WHAT IS NEEDED
Transcribe exactly, leaving out pictures, the lines from the one that holds "Fotografie - Przecier pomidorowy Culineo" through the end of the data below, including both end lines and no others.

DATA SECTION

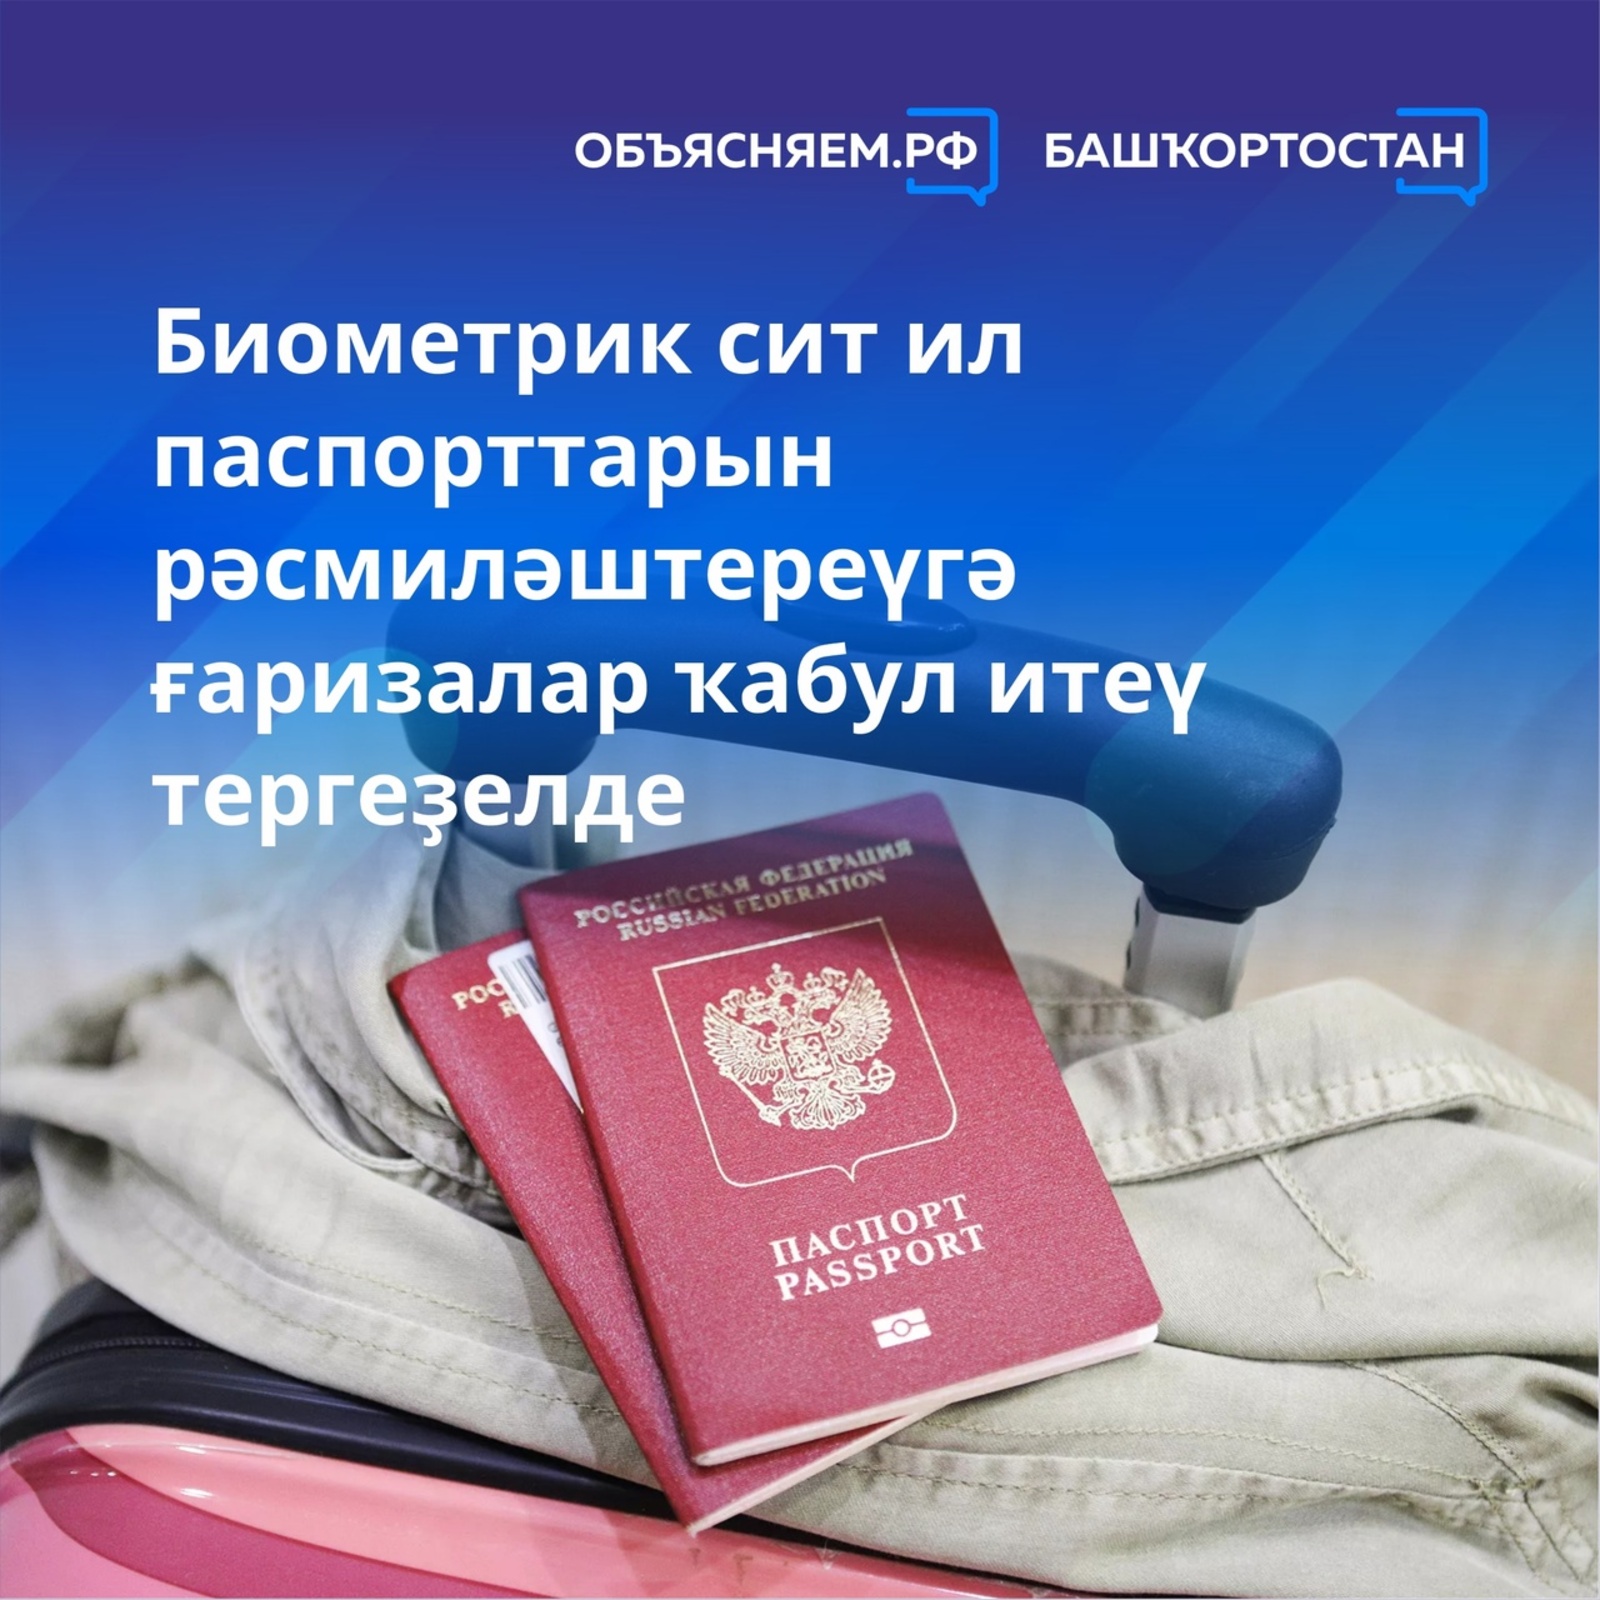 Иғтибар, 10 йылға биометрик сит ил паспорттарын рәсмиләштереү өсөн ғаризалар ҡабул итеү тергеҙелде
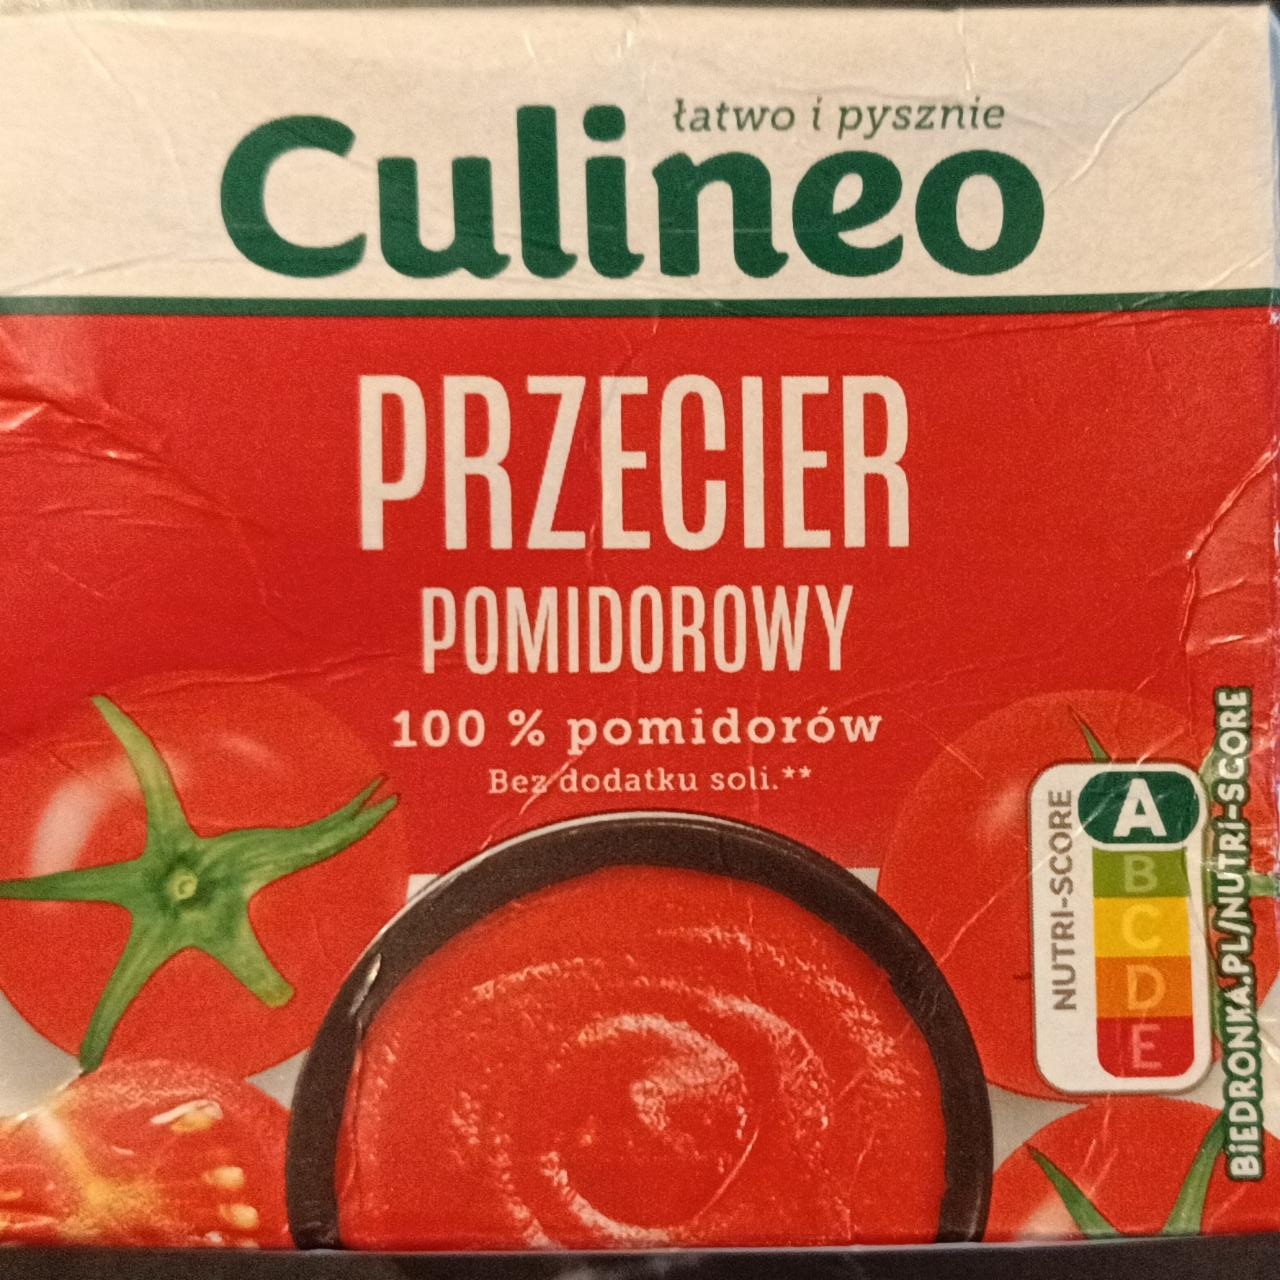 Fotografie - Przecier pomidorowy Culineo
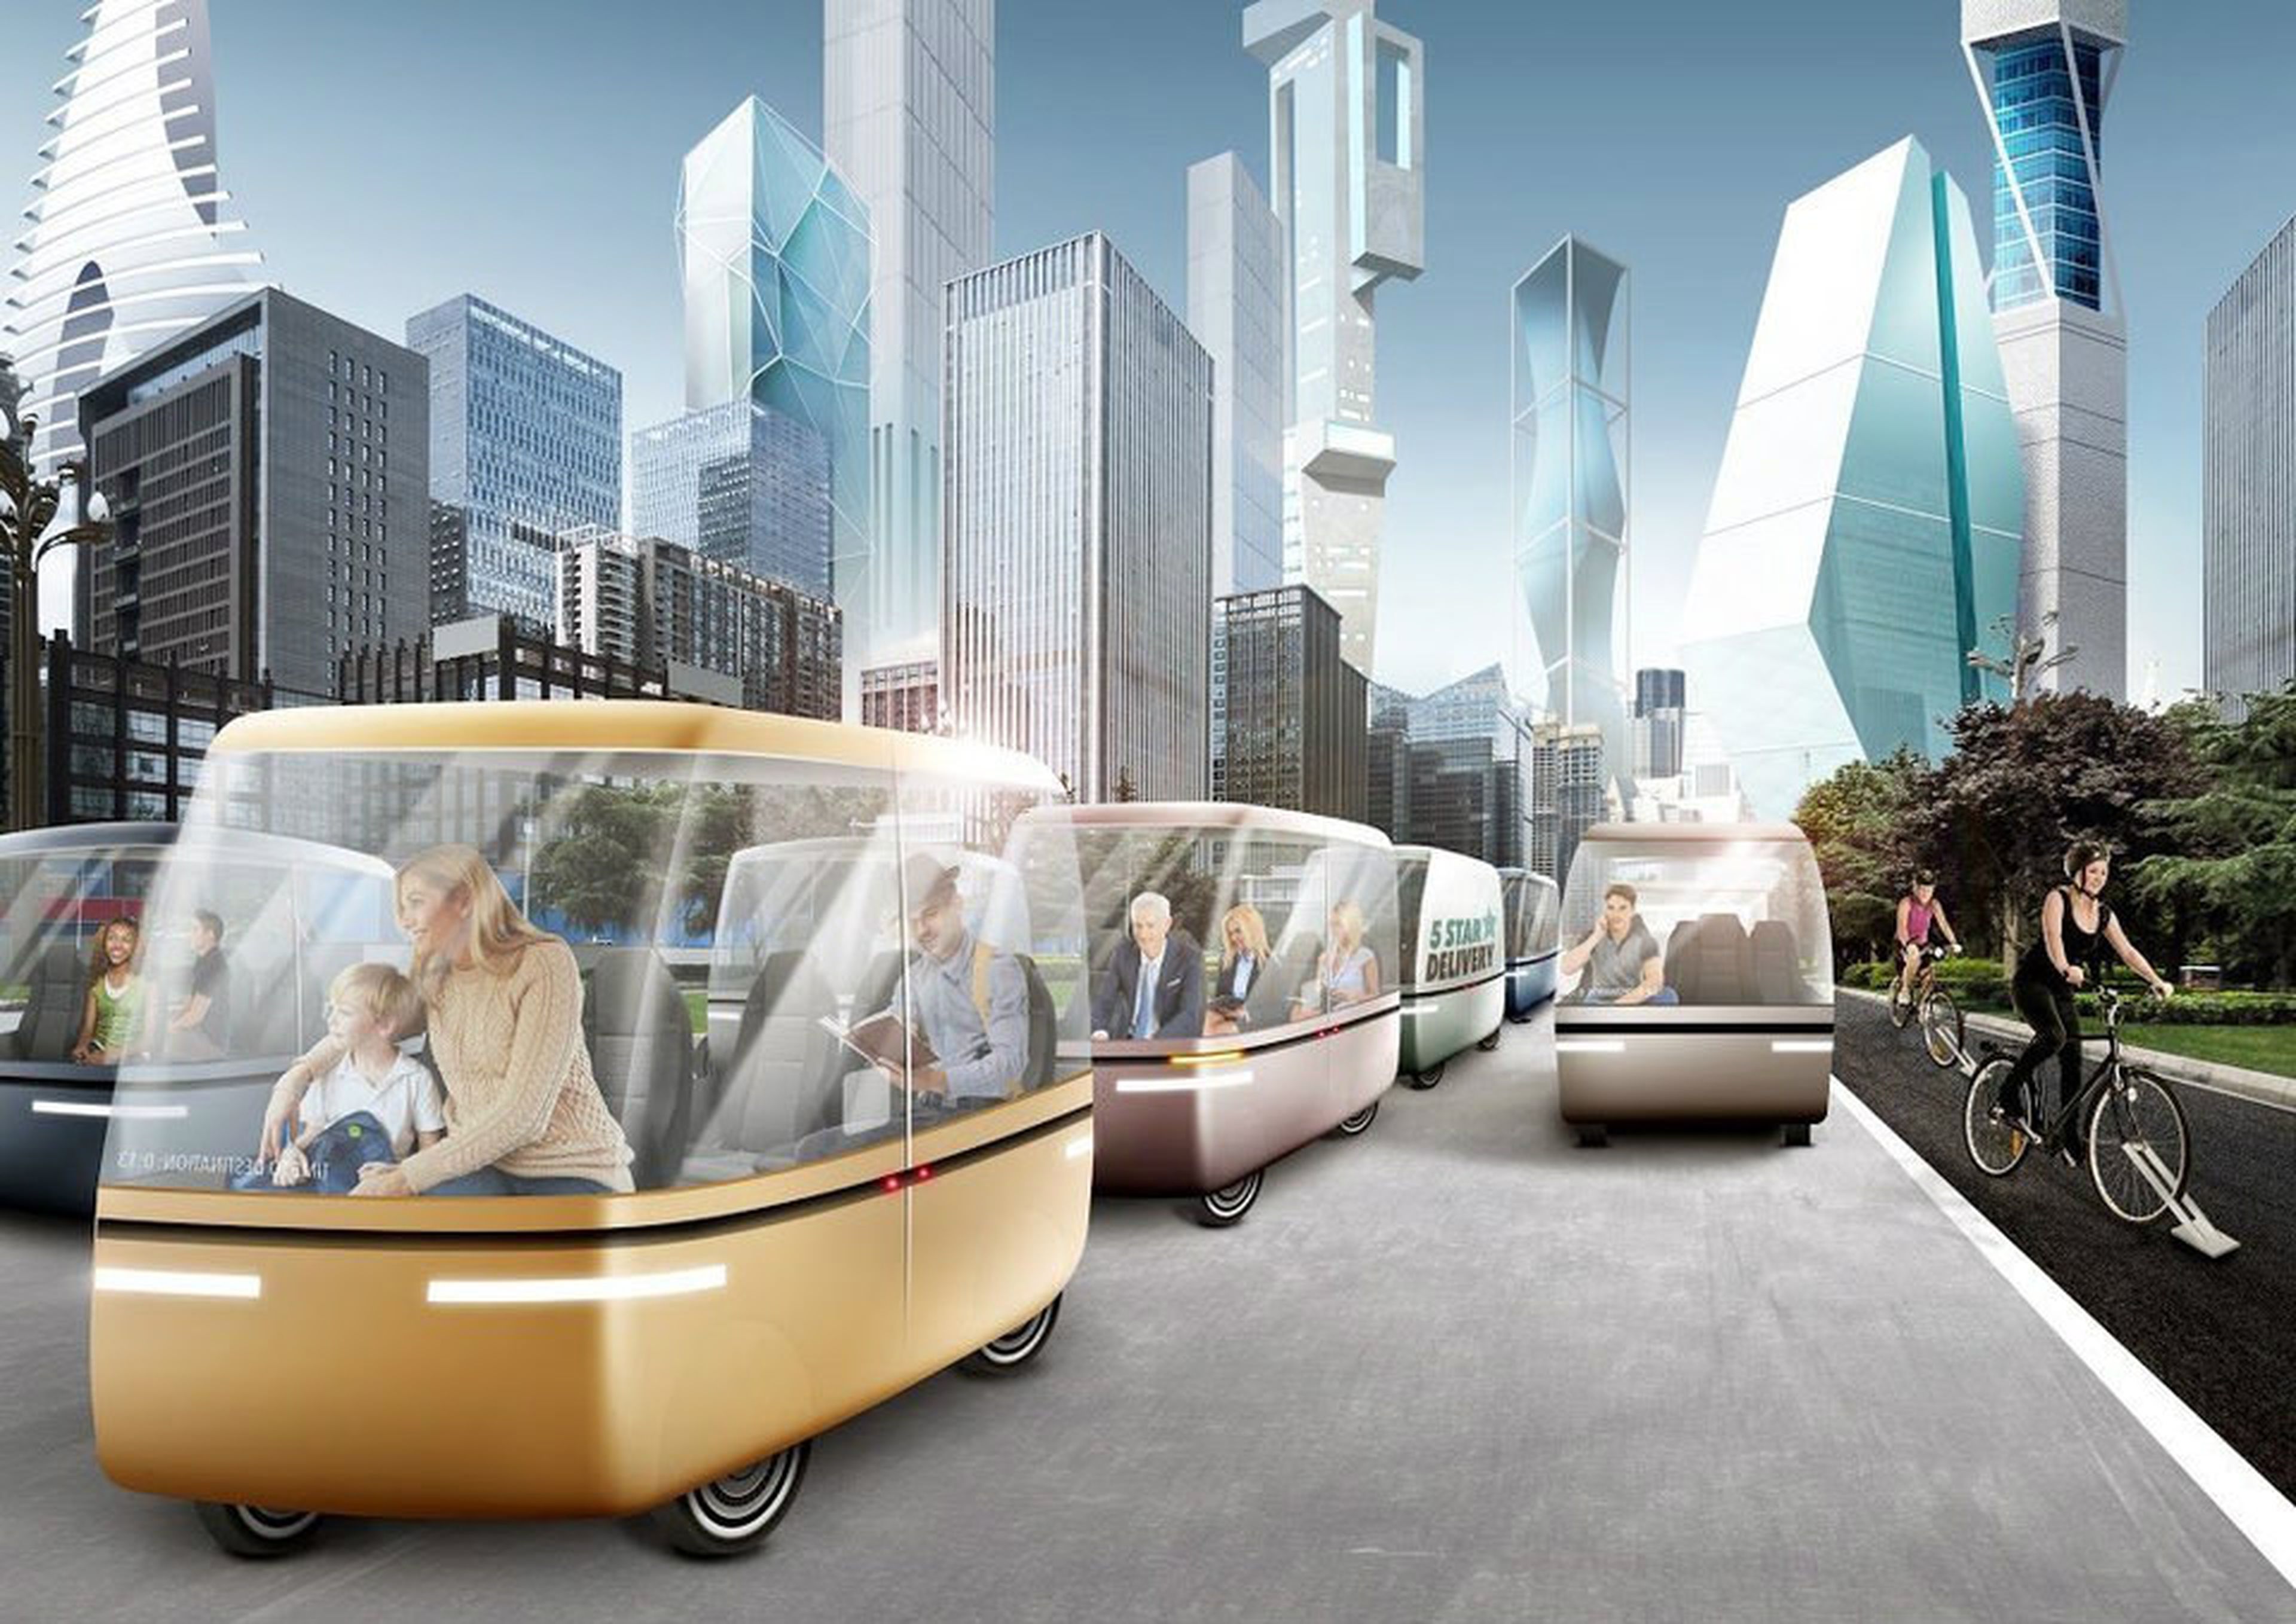 История в современной жизни человека. Транспорт будущего. Город будущего транспорт. Картинки будущего. Инновации в транспорте.

EXERCISE RESULT
 Fotografie - Przecier pomidorowy Culineo
 История в современной жизни человека. Транспорт будущего. Город будущего транспорт. Картинки будущего. Инновации в транспорте.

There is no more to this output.